Static graphs#
As of the 2.1.0 software release, we do not officially support reprogramming the Cerebras Wafer-Scale cluster after initial programming. This means that multiple compiles are not supported and therefore, the PyTorch compute graph must not change between iterations.
The way to define a training/evaluation is by decorating a function using
cerebras.pytorch.trace
.
For example:
loss_fn = torch.nn.CrossEntropyLoss()
@cstorch.trace
def training_step(inputs, targets):
outputs = compiled_model(inputs)
loss = loss_fn(outputs, targets)
loss.backward()
optimizer.step()
optimizer.zero_grad()
return loss
By default, the training_step
function is only ever traced a single time.
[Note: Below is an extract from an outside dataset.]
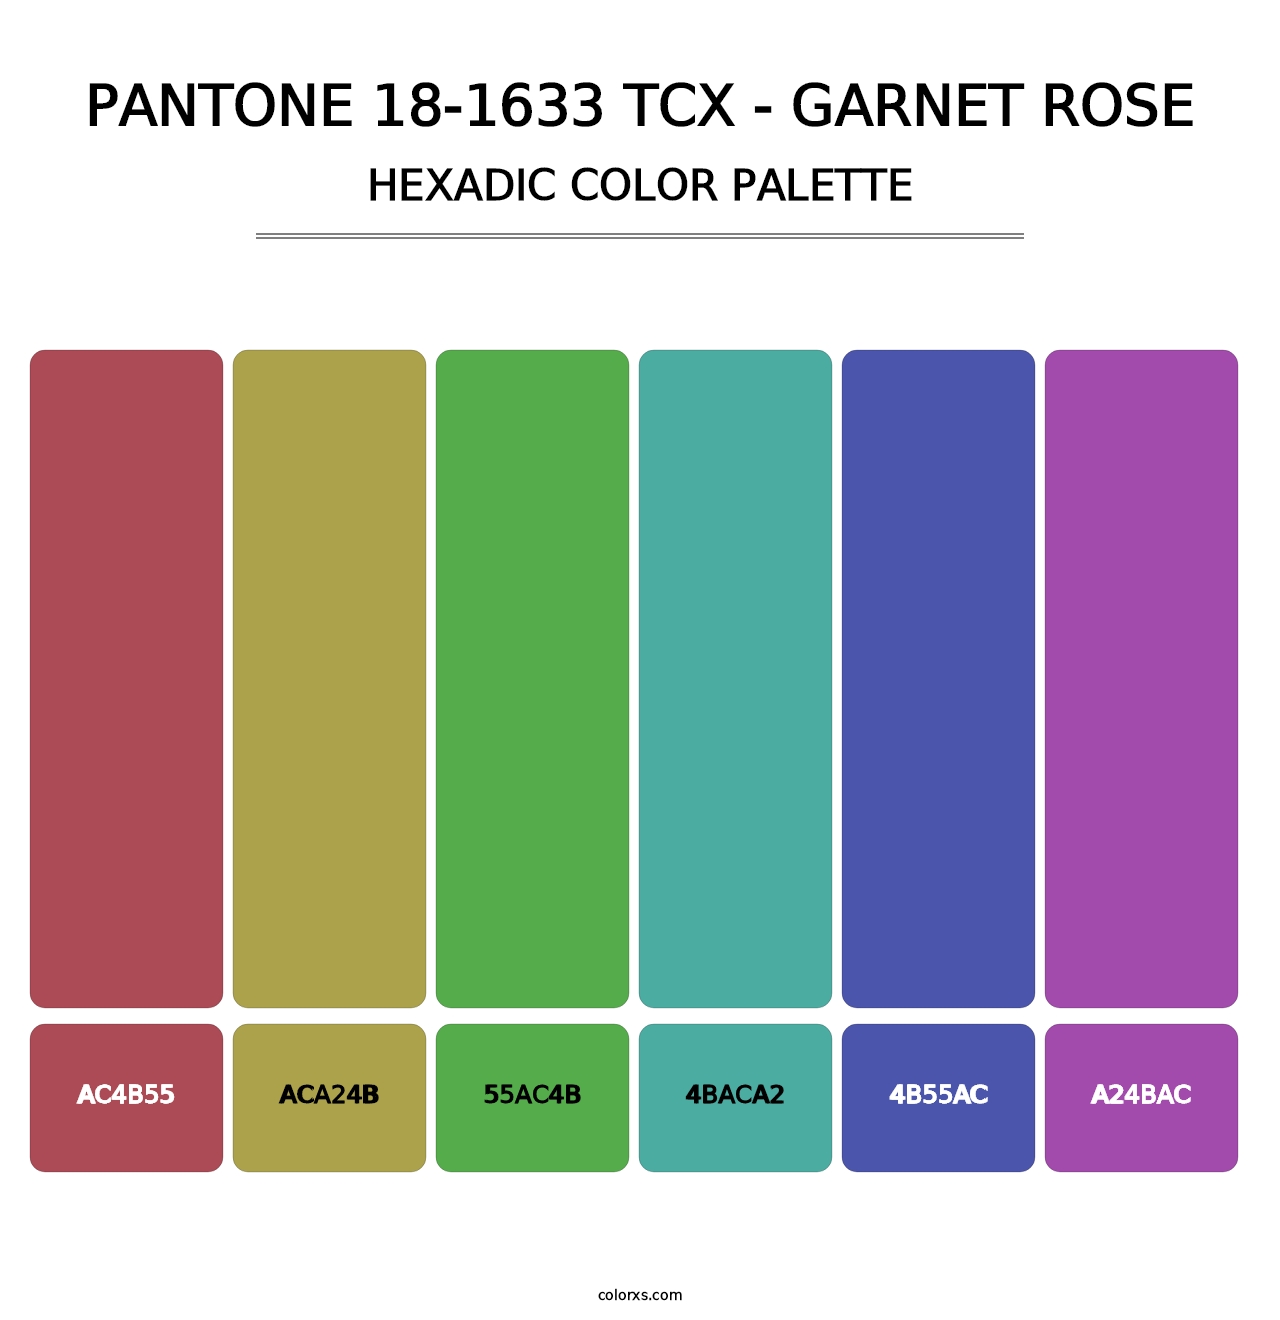 PANTONE 18-1633 TCX - Garnet Rose - Hexadic Color Palette

This means that the contents of the traced function must represent a static
computation graph. If there are any conditionals, the branch that is encountered
in the first iteration is what gets encoded into the graph. If there are any
loops, the loops get unrolled according to the number of times the loop ran in
the first iteration.
In addition, any other side effects, such as print statements and changes to python scalars, will only happen once when the function is being traced.
Retracing every Iteration#
There is an option to enable retracing every iteration. The way to do this is to
specify the retrace_every_iteration
flag while constructing the
backend
to enable retracing.
For example:
backend = cstorch.backend("CSX", ..., retrace_every_iteration=True)
Setting this flag to True
means that the function decorated with
cerebras.pytorch.trace
will be traced every single iteration. The
benefit to retracing every iteration is that side effects such as print statements
and changes to python scalars will happen at every iteration now.
It is important to note that dynamic graph logic will still not be captured. Python conditionals will be resolved at trace time and python loops will be unrolled. If the computation graph has changed in any way between iterations, then a compile error will be thrown.
Note
Retracing every iteration can have a performance impact for smaller models where tracing time outweights the time it takes to execute the model.
For larger models where execution time is significantly larger, retracing time should be negligible.